EXTRACTED ENTRIES:
--- START ---

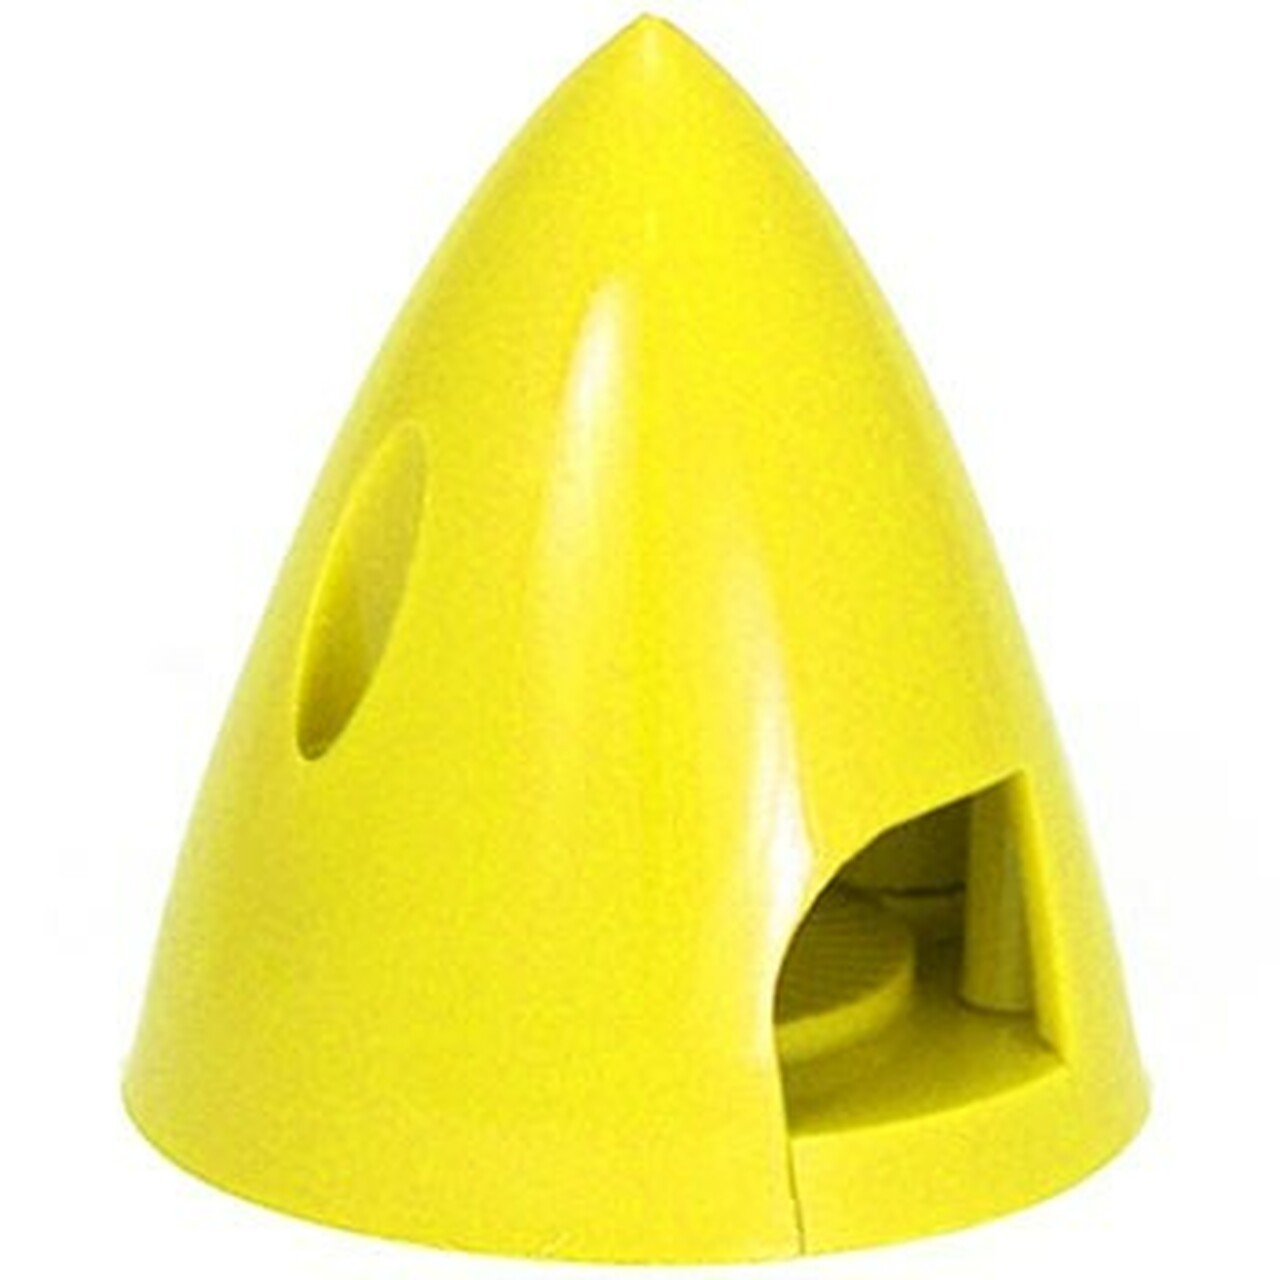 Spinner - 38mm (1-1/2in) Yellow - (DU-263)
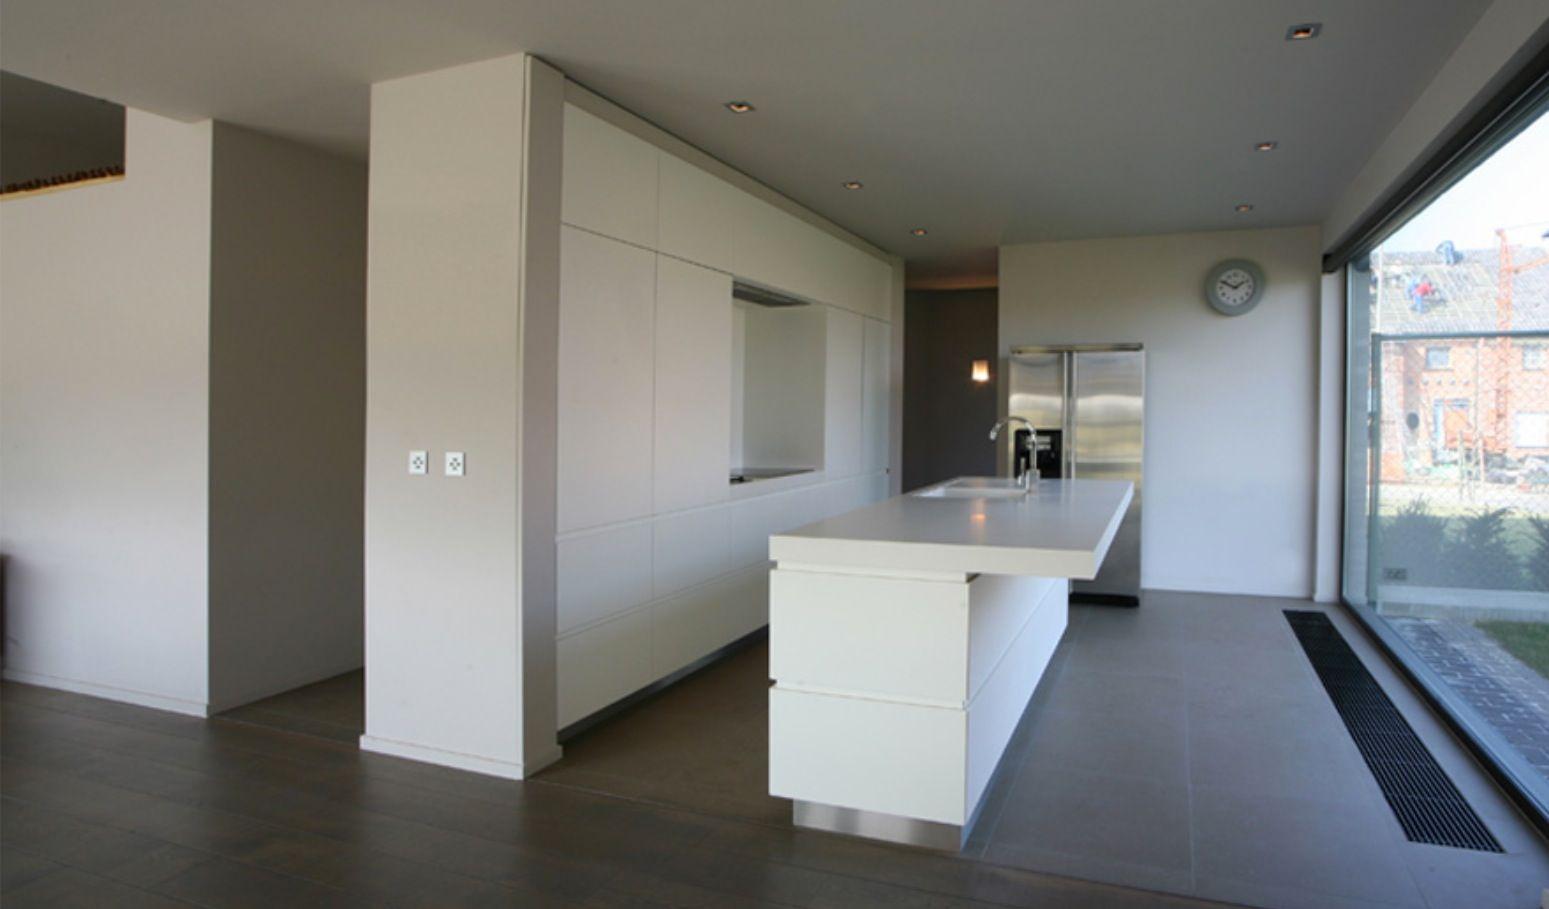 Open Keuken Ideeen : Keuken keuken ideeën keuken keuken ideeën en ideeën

--- END ---
--- START ---

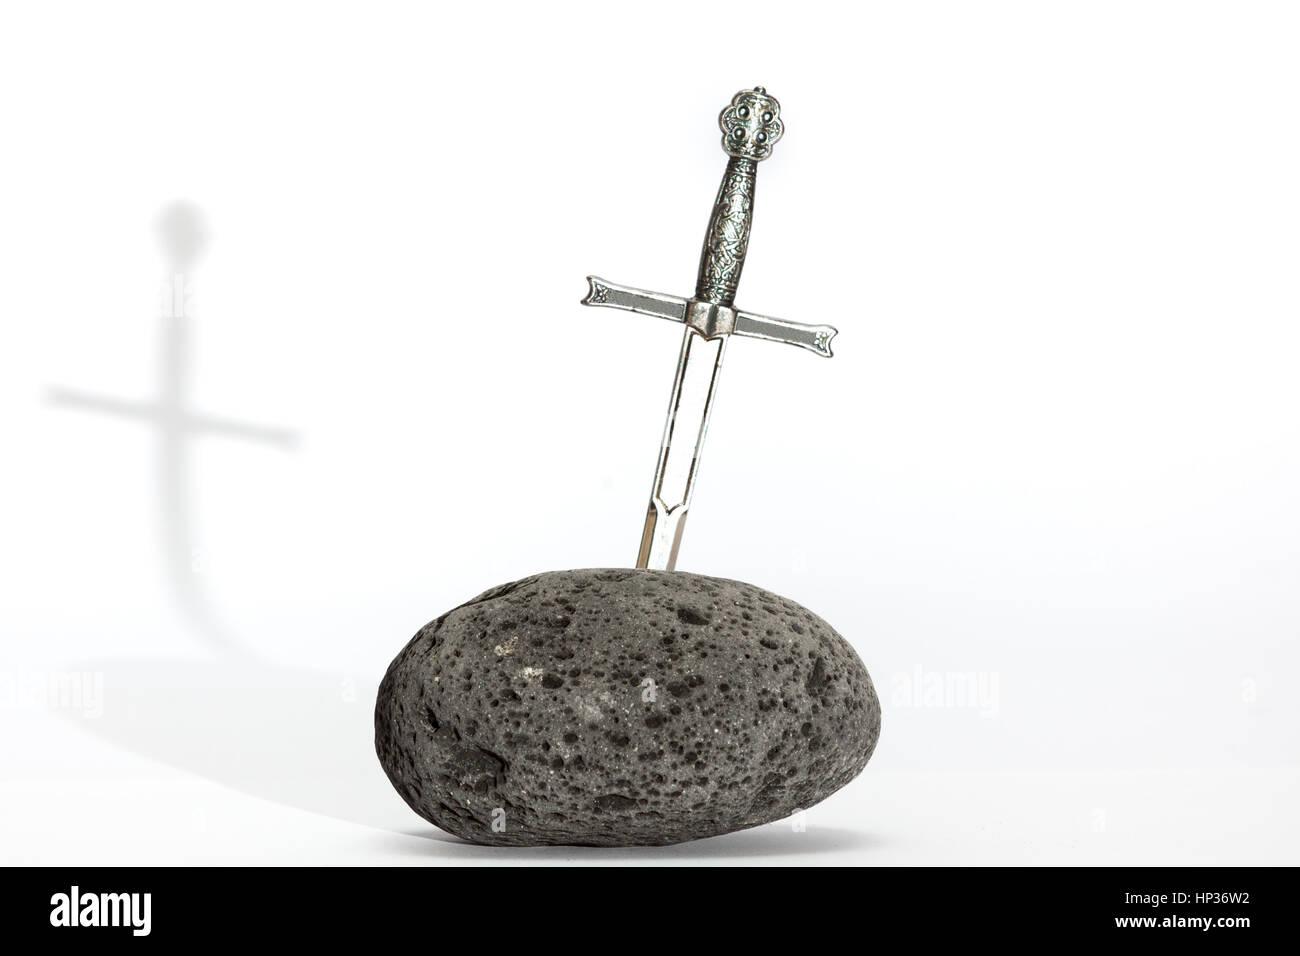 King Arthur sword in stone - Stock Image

--- END ---
--- START ---

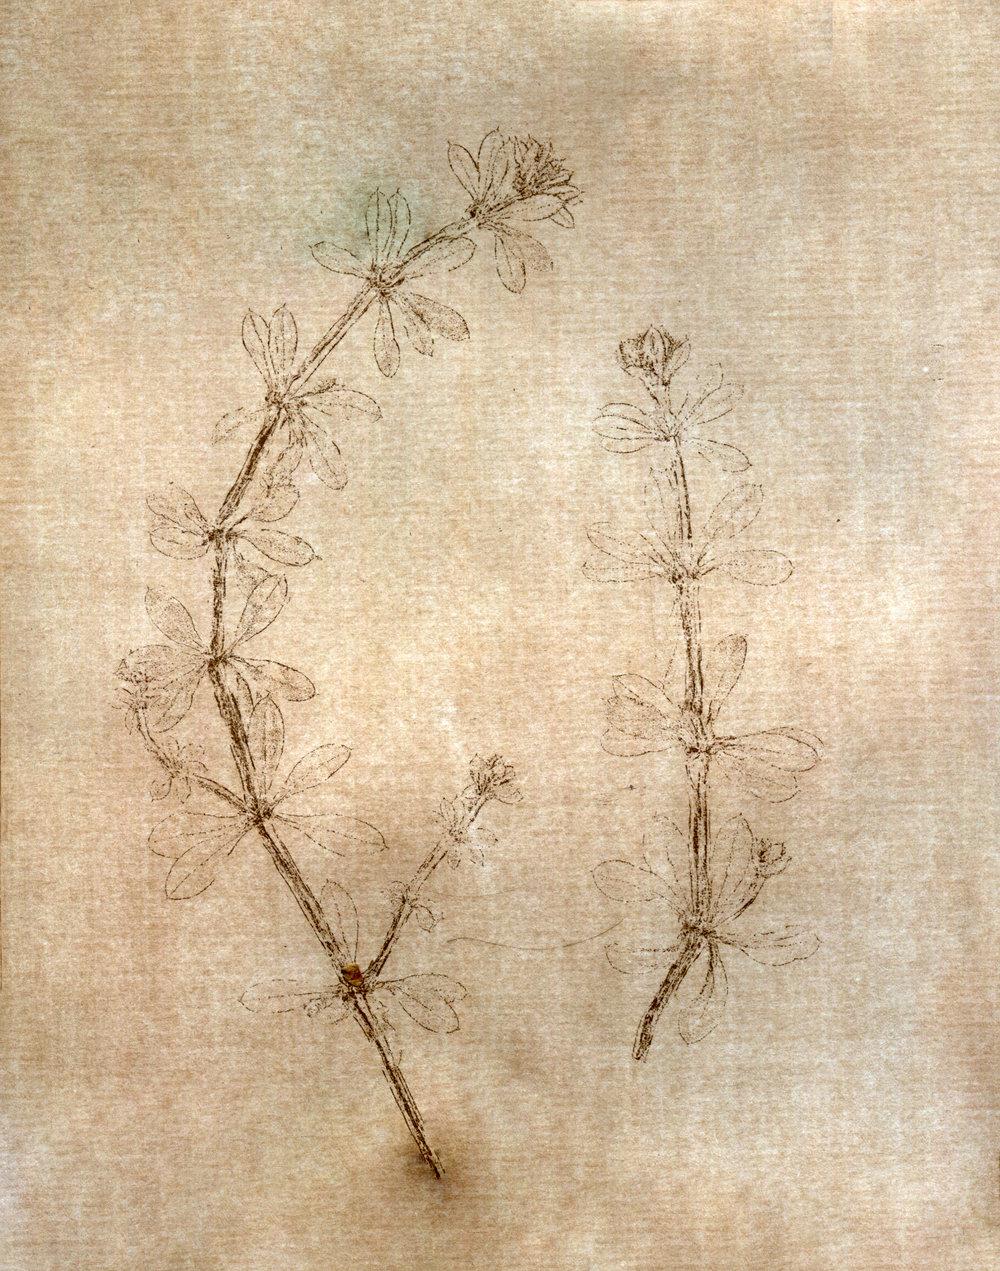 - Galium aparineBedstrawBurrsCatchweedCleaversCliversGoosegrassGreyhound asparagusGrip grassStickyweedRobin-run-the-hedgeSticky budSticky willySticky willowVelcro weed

--- END ---

EXERCISE BRIEF:
Would you please reproduce the entries above, starting at the line with "Spinner - 38mm (1-1/2in) Yellow - (DU-263)" and stopping after the line with "Open Keuken Ideeen"? Omit any pictures.

WRITTEN RESPONSE:
 Spinner - 38mm (1-1/2in) Yellow - (DU-263)
 Open Keuken Ideeen : Keuken keuken ideeën keuken keuken ideeën en ideeën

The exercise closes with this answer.